Она крутила прядку волос, старательно отводя взгляд.

— Я как-то не въезжаю, что тебя так беспокоит в новом стиле, — сказал я. — Не совсем въезжаю.

— Ты человек умный, а молитва — такая банальность. Только пойми меня правильно. Твои молитвы умные. Некоторые из них даже красивые. Но когда ты начинаешь объяснять, в чем их смысл, какая за ними стоит философия, это как… как Норман Винсент Пил[9] на экстази.

— Это верно, — ответил я. — Но тут есть и другая сторона. Вот ты говоришь: умный, а ведь я был барменом, когда они упекли мою задницу в тюрьму. И не таким уж хорошим барменом к тому же. Норман Винсент Пил на экстази — это для меня изрядное повышение. И вдруг я начал задумываться о вещах, не имеющих ничего общего с тем, чтобы получить удовольствие, опустив кого-то другого. По-моему, в тюрьме я стал проще. А именно с простоты мне и надо было начинать. Может, теперь у меня есть шанс поумнеть. Я, как моя книга, меняюсь в процессе. К чему бы это ни привело, обещаю — как только тебе покажется, что между нами все не так, как надо, просто скажи, и я от тебя отстану.

Подружки и родители кучками потянулись к приемному зданию, подталкивая перед собой детишек. Тощий седоволосый член попечительского совета стоял у забора и пыхтел сигаретой, выдыхая дым сквозь металлическую сетку ограждения.

— А ты хочешь на мне жениться? — спросила Тереза.

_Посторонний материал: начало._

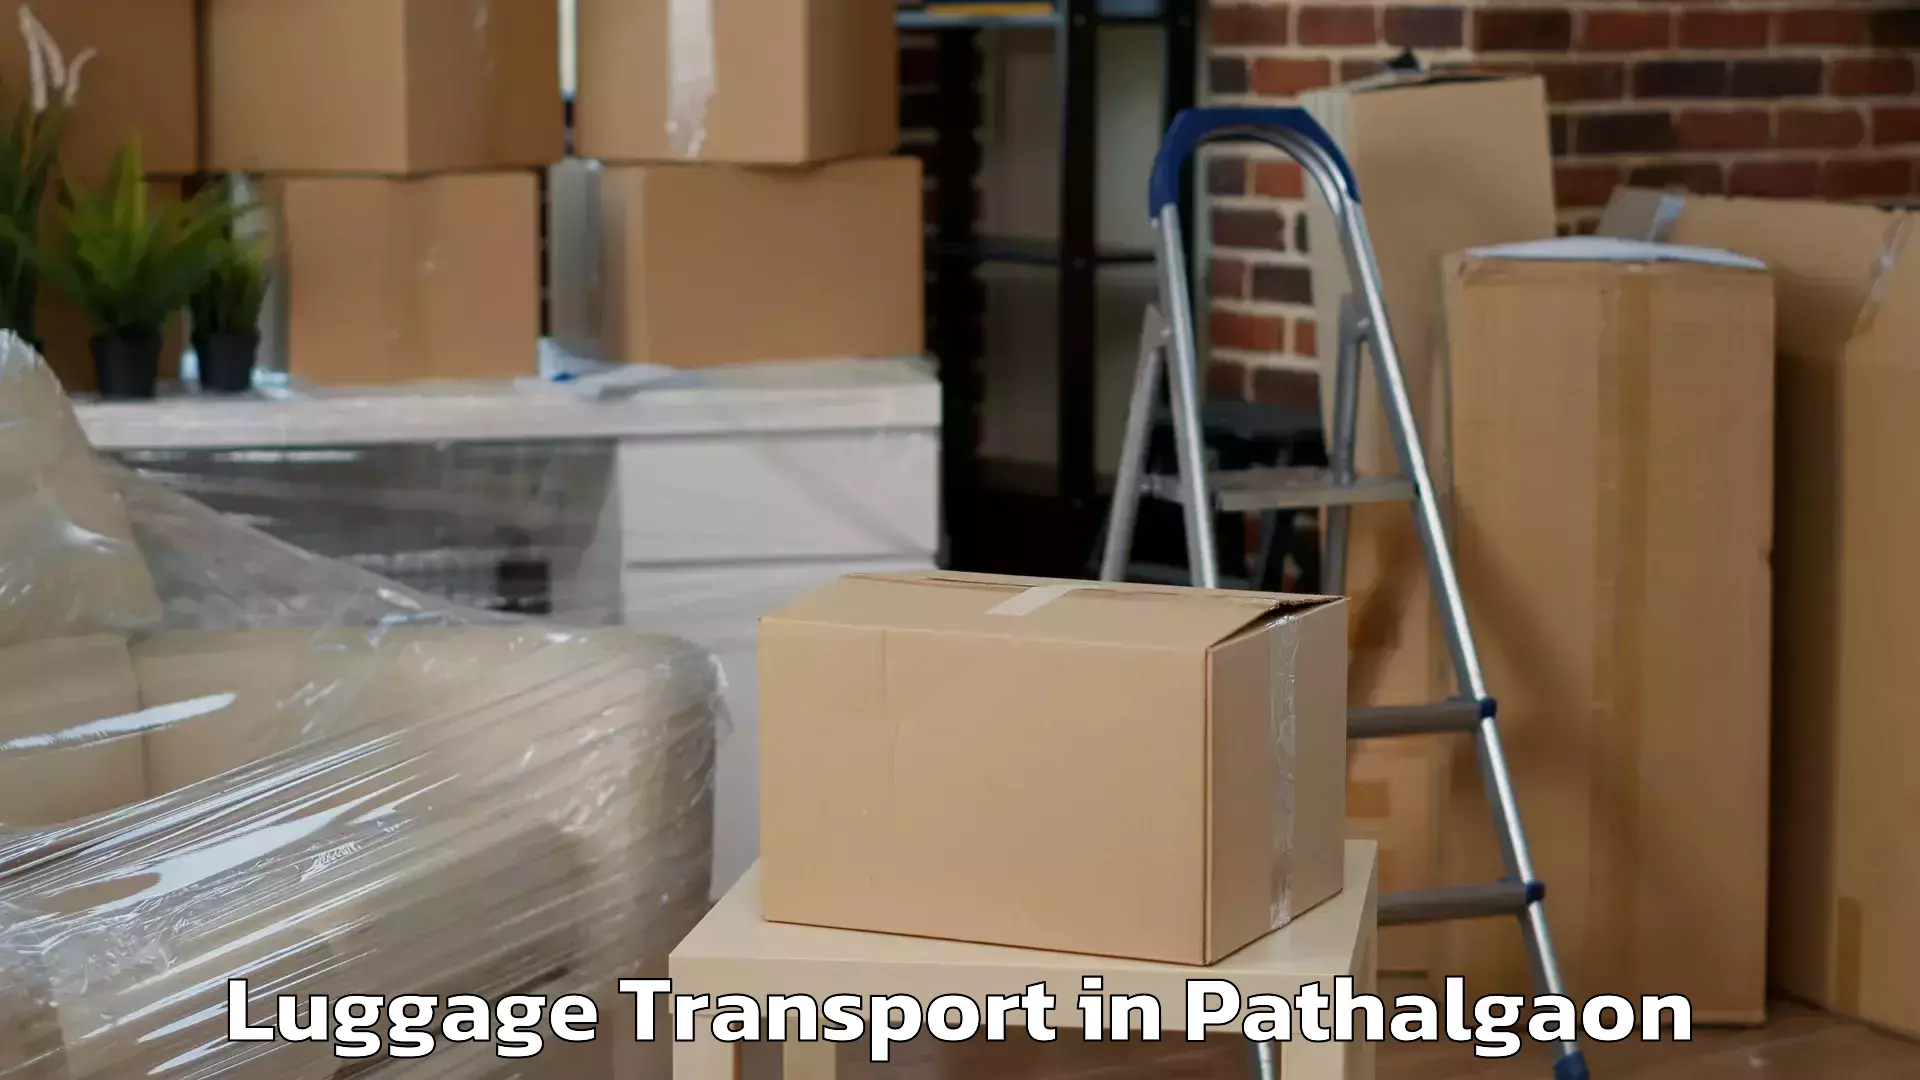 Holiday baggage shipping in Pathalgaon
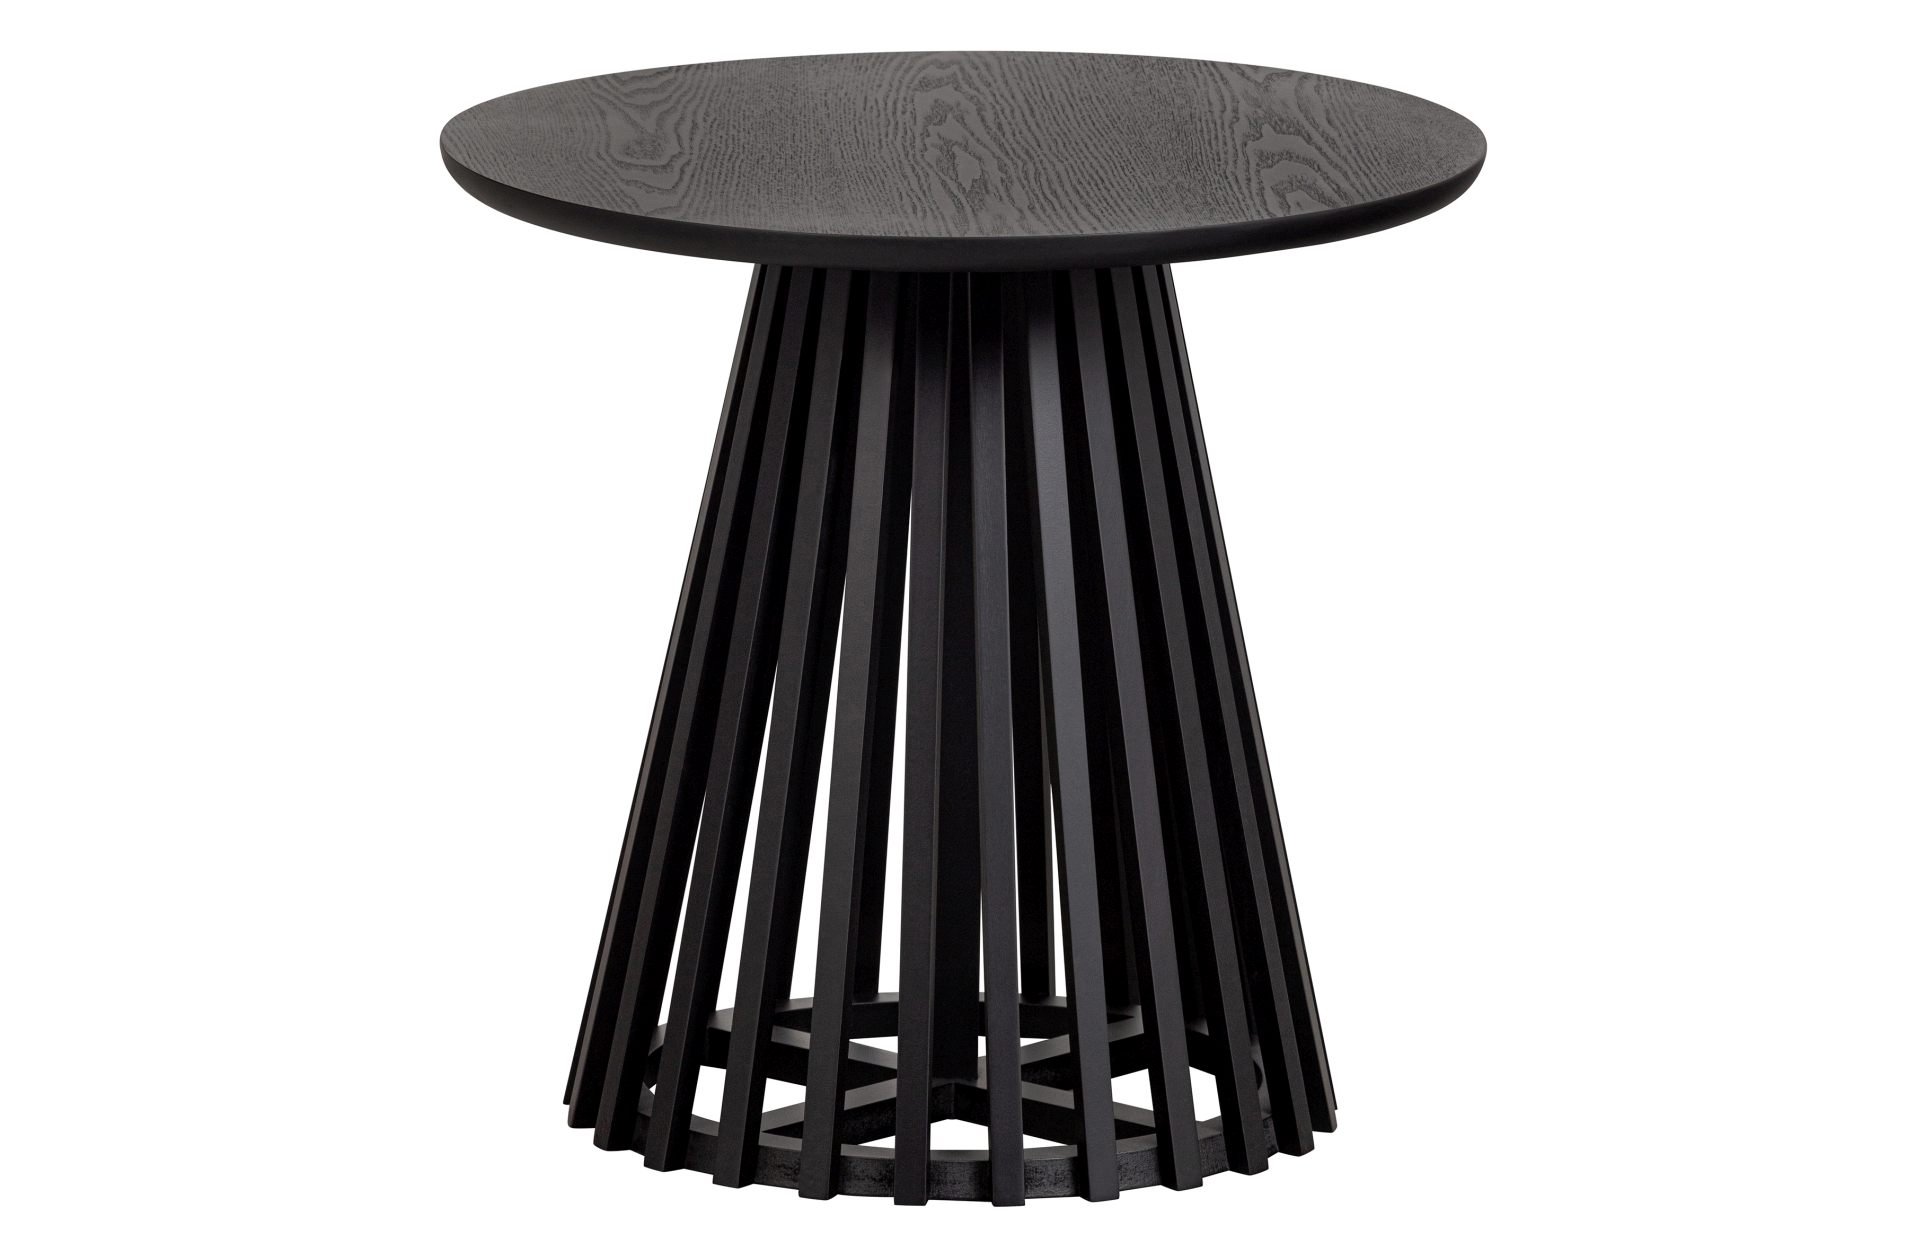 Der Beistelltisch Slats High überzeugt mit seinem modernen aber auch schlichtem Design. Gefertigt wurde der Tisch aus Kiefernholz, welches einen schwarzen Farbton besitzt.

— Я хочу того же, чего и ты, — осторожно ответил я. — А еще я хочу отсюда выйти. Правда, как всегда, где-то посередине. Но если бы ты задала мне этот вопрос на воле, я бы сказал «да», можешь не сомневаться.

Она огляделась кругом:

— Мне, конечно, не нужна ни лесная часовня, ни подружки с цветами, но пожениться здесь…

— Ты просто не была внутри. Там гораздо уютнее.

Она рассмеялась, но как-то невесело. Еще несколько секунд, и наши предохранители перегорели окончательно.

— Вот блин! — сказала она, удивив меня еще больше. — Я уже целый год представляю нас с тобой вместе, так почему бы и на самом деле не попробовать. — И она принужденно улыбнулась. — Понимаю, звучит не очень оптимистично, но я все никак в себя не приду.

— Не обязательно решать что-то прямо сейчас.

— Обязательно. Затем я и пришла сюда сегодня.

Охранник прошел мимо нас, бросив:

— Пора прощаться, — а сам двинулся к другому столу.

Тереза стала комкать обертки от сэндвичей и запихивать их в пакет. Она так торопилась, словно все, чего ей хотелось, это побыстрее скрыться от меня.

— Эй! — сказал я, беря ее за запястье. — С тобой все в порядке? Я не хочу, чтобы ты переживала. И не только ради тебя самой. Я хочу чувствовать себя спокойно сегодня вечером. Но если все идет не так, как ты рассчитывала… — И я умолк, предоставляя ей закончить.

Она поглядела на мою руку на своем запястье, потом закрыла глаза и кивнула.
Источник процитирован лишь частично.